Старый экскаваторщик, который, подобно всем истинным мастерам, любил учить молодежь, тоже исподволь приглядывался к любознательному электрику. Он чувствовал: из этого будет толк.
Как-то в минуту отдыха, вытирая масло с рук, Андрей Петрович будто невзначай бросил Симаку:
— Ты бы, Женя, попробовал рычагами-то поиграть. У тебя, думается, должно пойти.

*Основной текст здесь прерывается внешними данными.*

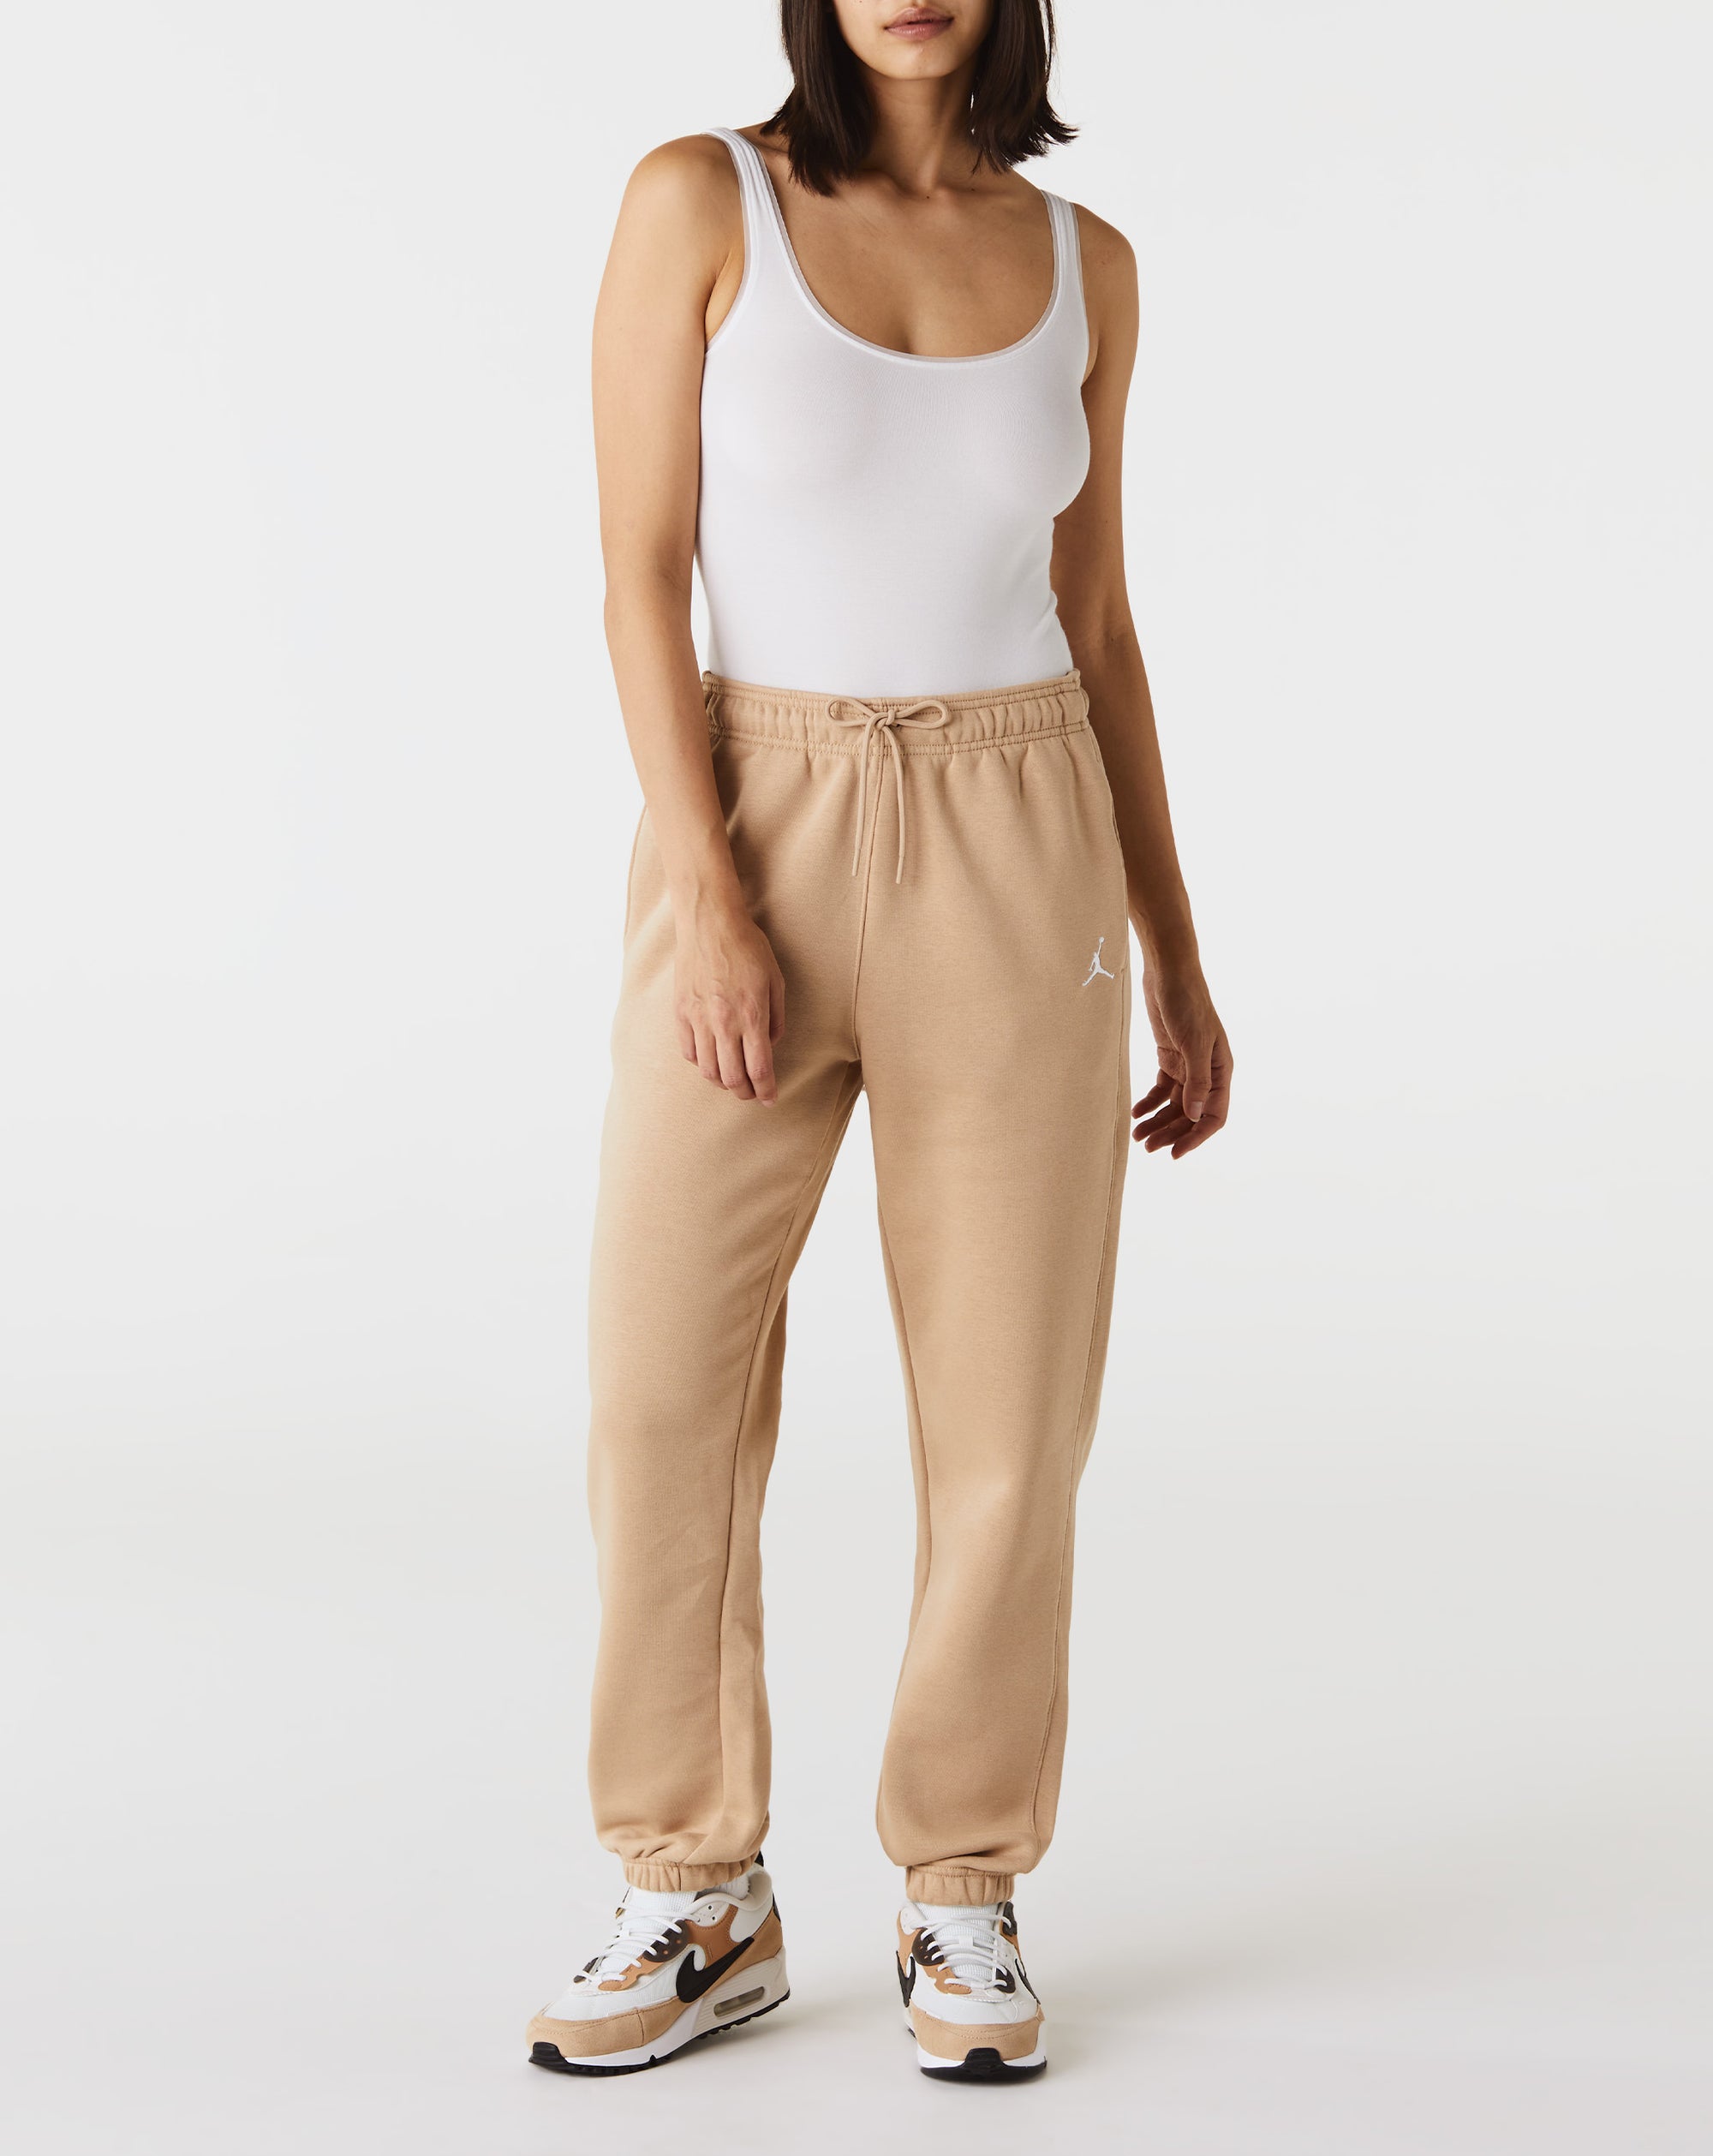 Air Jordan Women's Brooklyn Fleece Pants - Rule of Next Apparel

И электрик Симак стал обучаться новому делу. Учился он прилежно. «Уралец», со своей сложной системой управления, со своим умным взаимоотношением частей, чем-то напоминал ему боевую машину, с которой он сроднился за годы войны.
Андрей Петрович Бояринцев был терпеливым учителем, а Евгений Симак оказался отличным учеником. Он старался перенять у старого экскаваторщика не только суть профессии, но и все тонкости его приемов — то, что составляет душу настоящего мастерства.
Через месяц Евгений Симак был уже машинистом, через полгода — одним из передовых экскаваторщиков рудника. Его назначили сменщиком к Бояринцеву. Учитель и ученик соревновались. И когда ученик иной раз обгонял учителя, тот утешал себя тем, что сам открыл в Симаке мастера и привил ему любовь к машине.
— Не я вас — вы сами себя обгоняете. Ваша выучка, ваша хватка, — шутил Евгений, не только уважавший, но и любивший своего учителя.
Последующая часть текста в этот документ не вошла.